Бывшая прима просительно взглянула на Андрея.
— Позвольте войти вместе с вами в вагон?
— Но у вас нет билета! — возмутилась Анастасия.
— Я только войду и тут же выйду. С другой стороны.
Князь взглянул на Анастасию, та пожала плечами.
— Обещайте, что тут же покинете вагон! — попросил он.
— Обещаю.
Под удивленными взглядами стариков Ямских и настороженными — шпиков Бессмертная вошла в вагон и быстро скрылась в проходе.
Паровоз дал предупредительный гудок, мать стала плакать и целовать сына, Анастасию.
Табба тем временем миновала коридор, вошла в противоположный тамбур, подергала ручку двери. Дверь неожиданно подалась, девушка поставила ногу на ступеньку, спрыгнула на землю и зашагала по рельсам и шпалам в сторону вокзальных построек.
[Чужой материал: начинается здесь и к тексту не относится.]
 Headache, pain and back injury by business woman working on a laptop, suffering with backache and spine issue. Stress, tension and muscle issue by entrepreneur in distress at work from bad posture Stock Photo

Мимо проплывали вагоны состава, отправляющегося в Одессу.
…Бессмертная забралась в пролетку, ткнула извозчика в спину:
— Пошел!
Глазков взглянул на нее, подал несколько газет.
— Что это? — не сразу поняла она.
— О вашей сестре и матери.
Табба развернула одну газету, вторую. Заголовки кричали:
«В ОДЕССЕ ЗАДЕРЖАНА ЗНАМЕНИТАЯ ВОРОВКА СОНЬКА ЗОЛОТАЯ РУЧКА, А ТАКЖЕ ЕЕ СОЖИТЕЛЬ И ДОЧКА».
«ГДЕ БУДУТ СУДИТЬ СОНЬКУ, ЕЕ ДОЧЬ И МУЖА — В ОДЕССЕ ИЛИ В СТОЛИЦЕ?»
«СОНЬКА ЗОЛОТАЯ РУЧКА ПРИБЫЛА В ОДЕССУ ПАРОХОДОМ».
— Я буду мстить! — тихо произнесла бывшая прима.
— Кому? — удивленно спросил Илья.
— Всем.
…По приезде на квартиру Глазкова Табба нашла в сумочке визитную карту Улюкая и сняла трубку.
Вечером барон Красинский, собственноручно управляя автомобилем, катил в направлении своего дома и находился от него уже в нескольких кварталах, когда на пустынном перекрестке ему наперерез вынеслась пролетка, едва не врезавшись в машину.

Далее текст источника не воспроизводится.